#### Provided records
◆ ◆ ◆

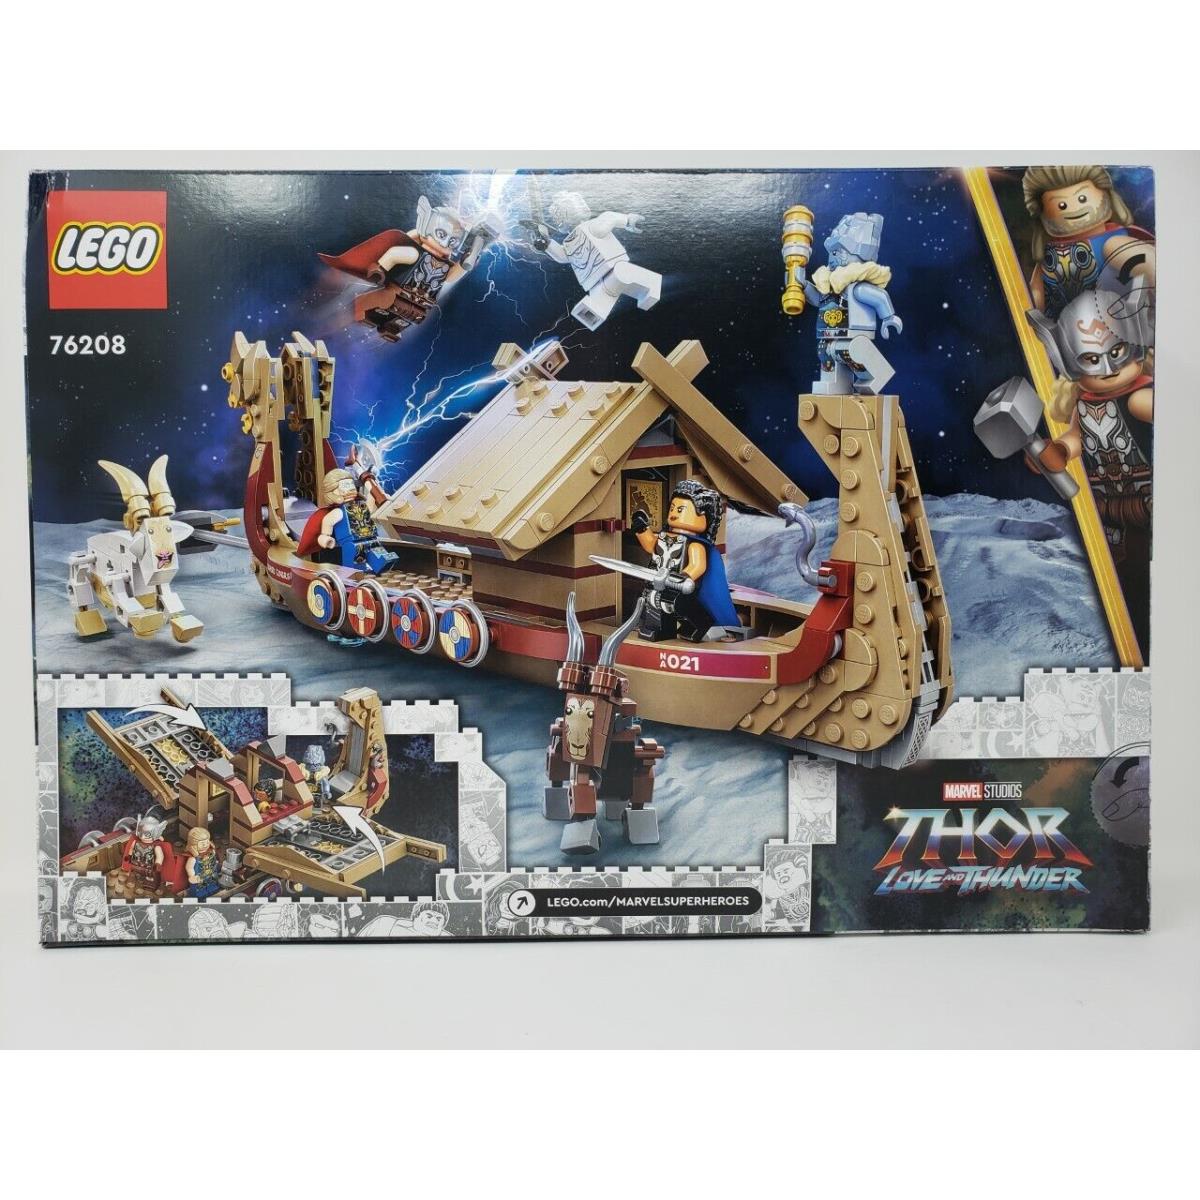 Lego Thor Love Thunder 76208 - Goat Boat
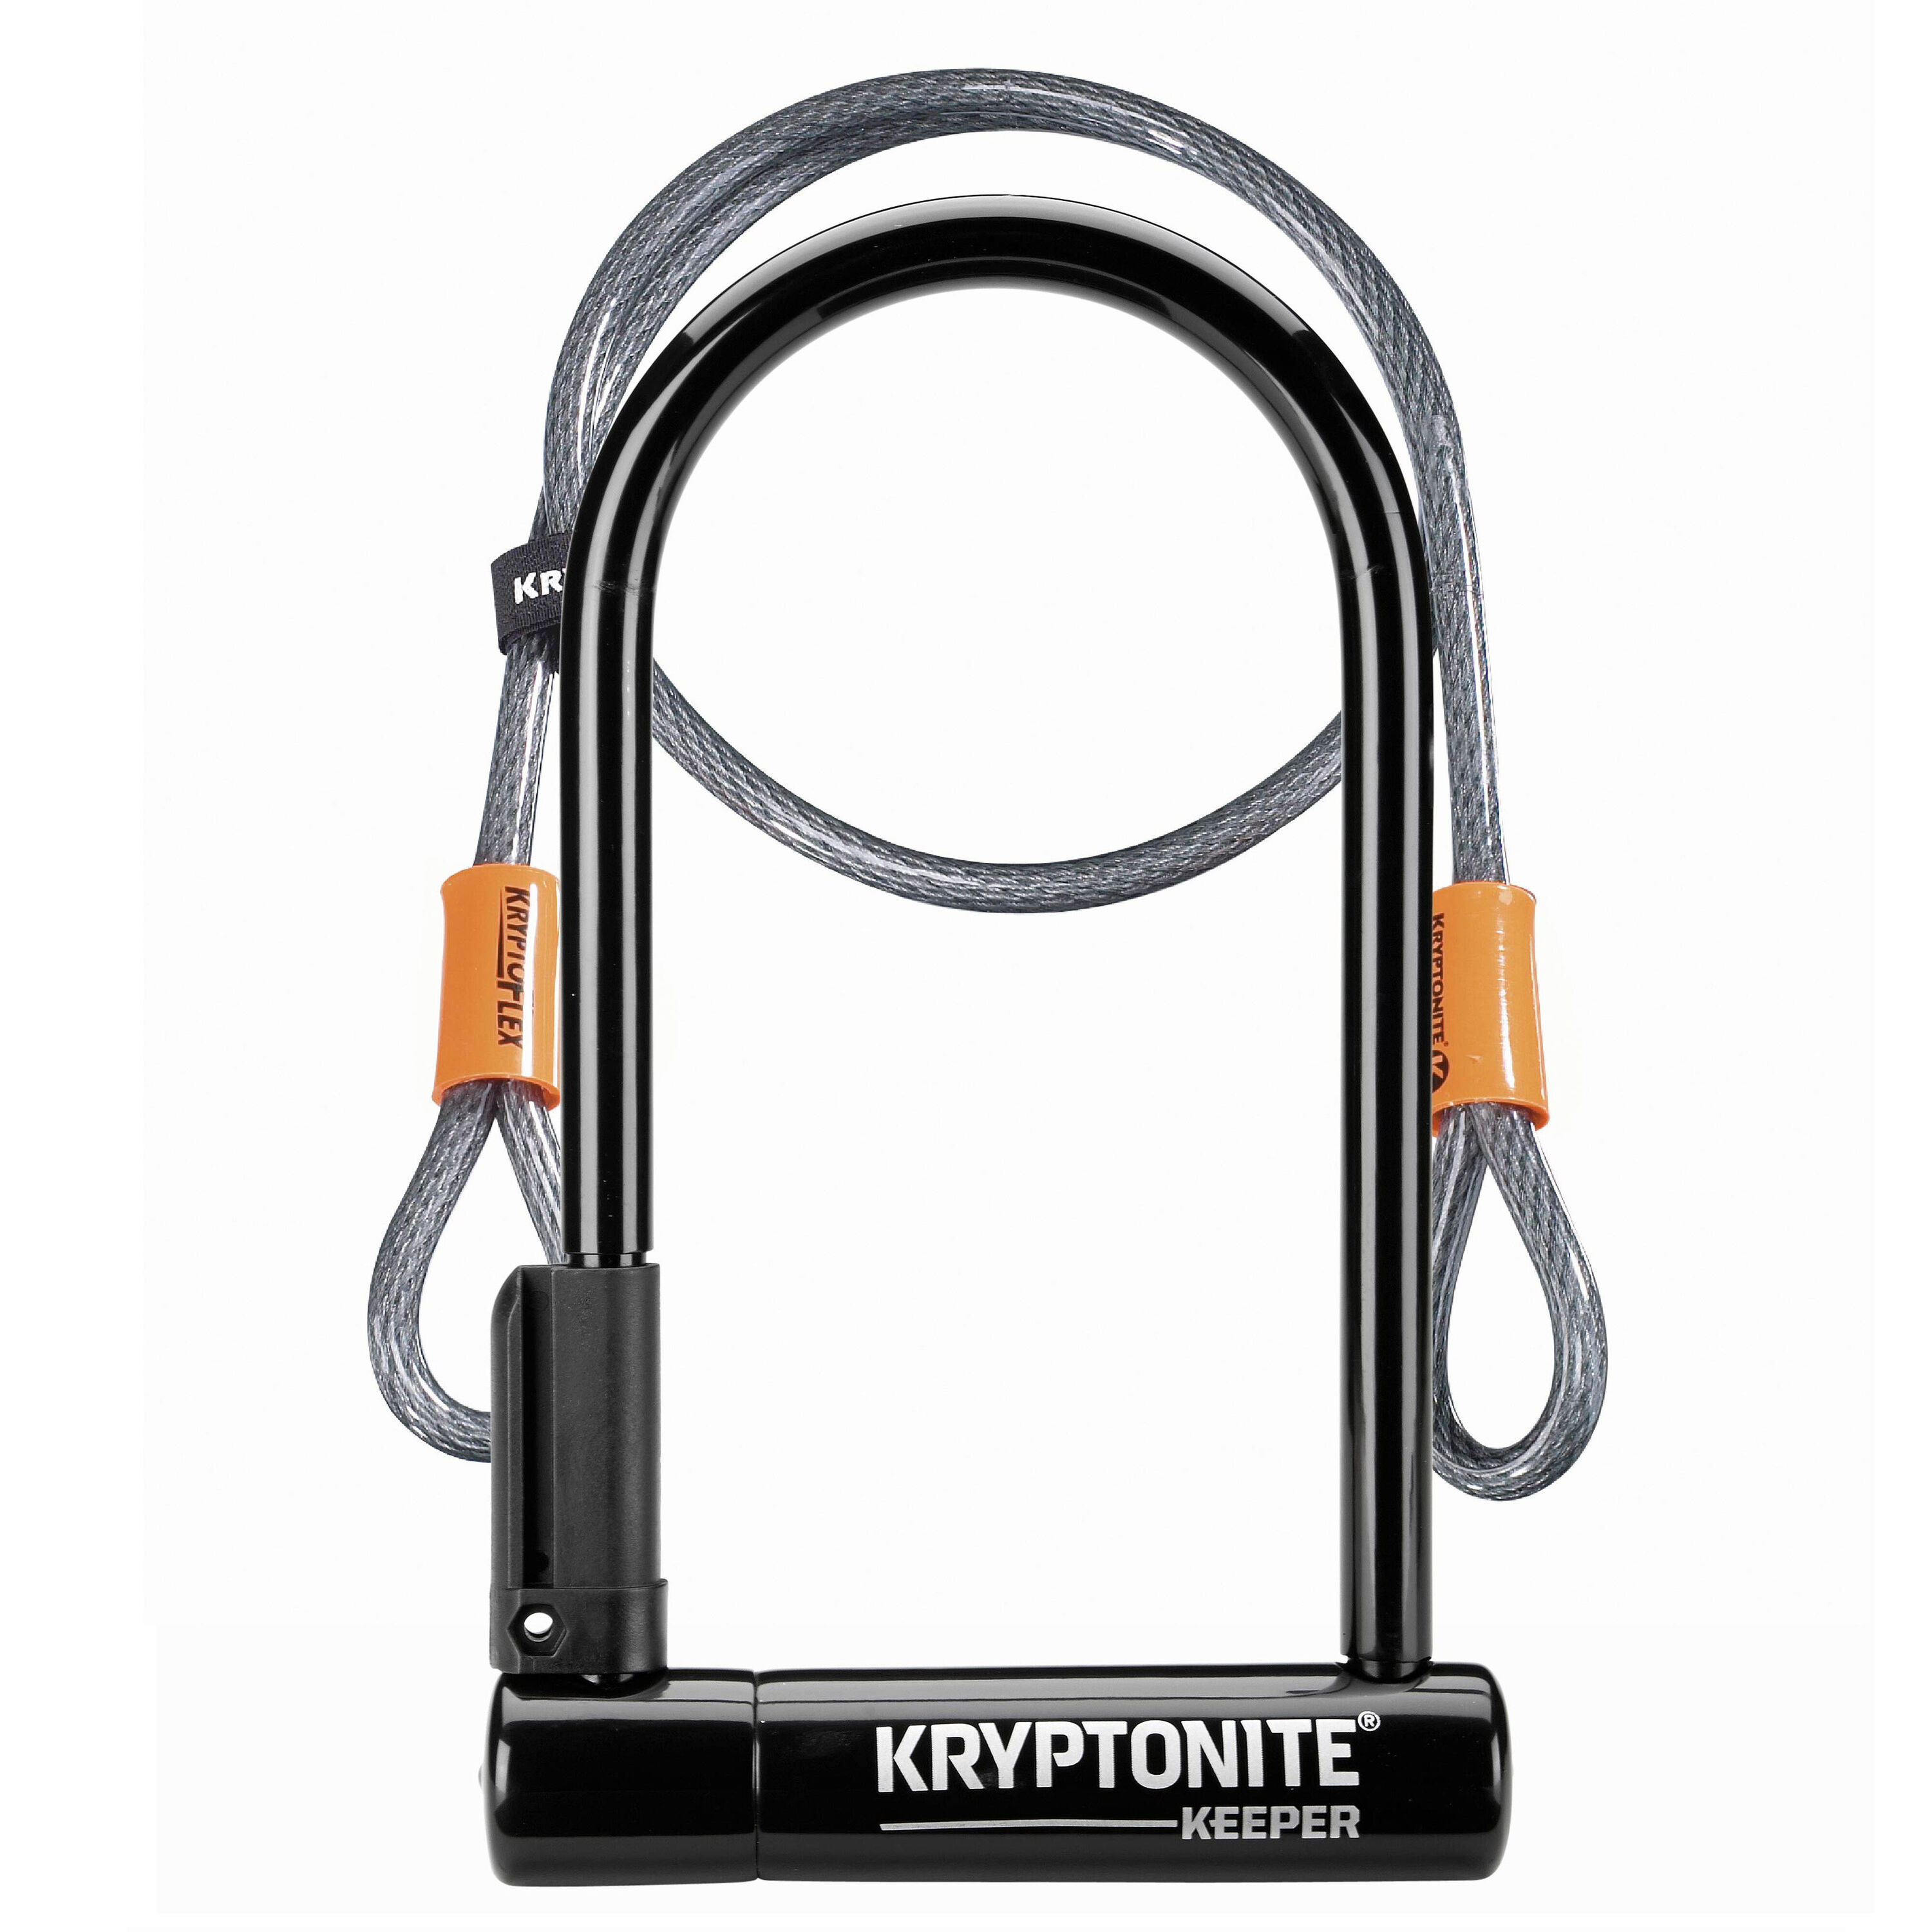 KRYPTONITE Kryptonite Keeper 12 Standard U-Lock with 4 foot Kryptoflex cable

◆ ◆ ◆

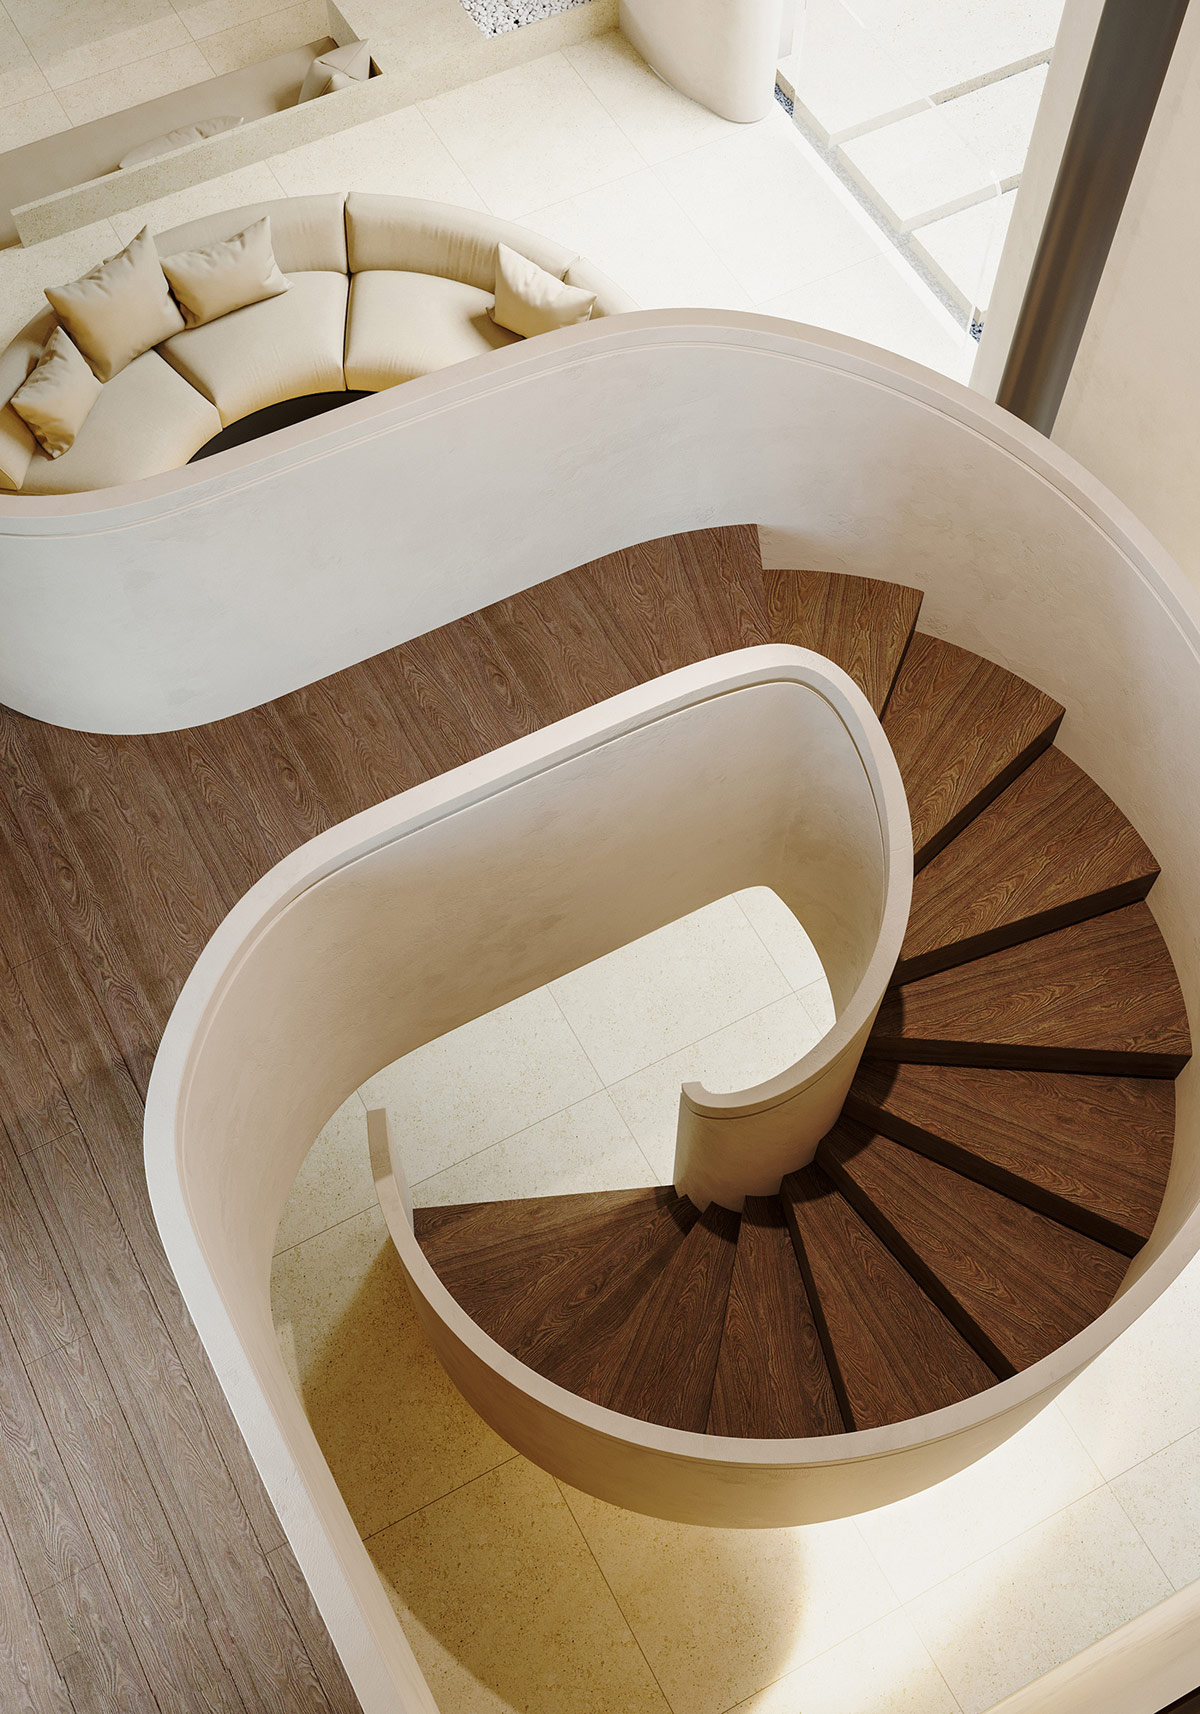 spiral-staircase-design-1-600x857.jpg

◆ ◆ ◆

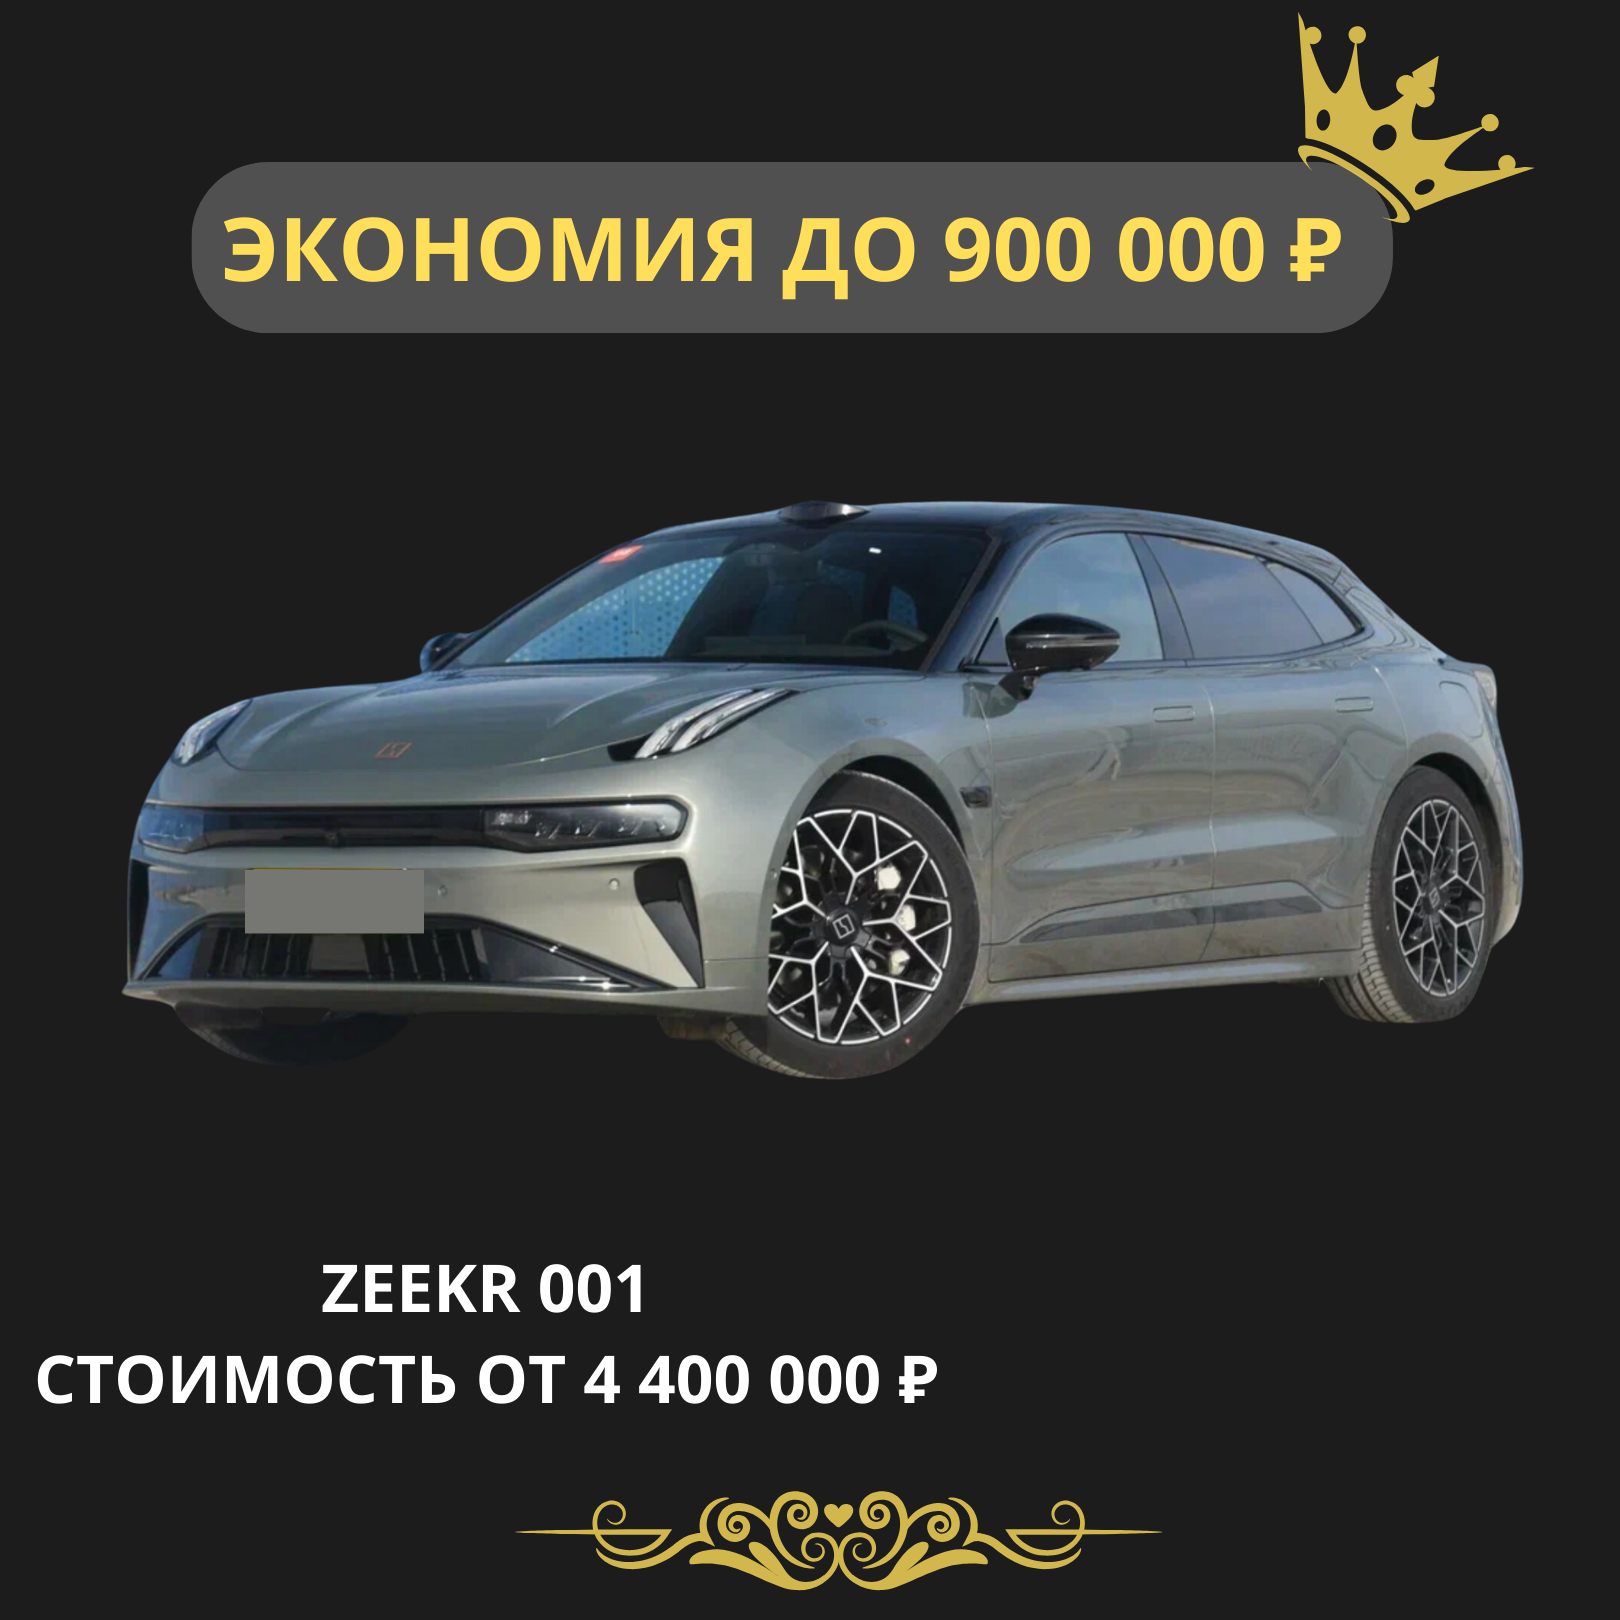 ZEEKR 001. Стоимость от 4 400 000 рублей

◆ ◆ ◆

#### Task requirements
Output only the lines above from the one containing "Lego Thor Love Thunder 76208 - Goat Boat" to the one containing "KRYPTONITE Kryptonite Keeper", both included, exactly as written and with no pictures.

#### Result of this task
 Lego Thor Love Thunder 76208 - Goat Boat
 KRYPTONITE Kryptonite Keeper 12 Standard U-Lock with 4 foot Kryptoflex cable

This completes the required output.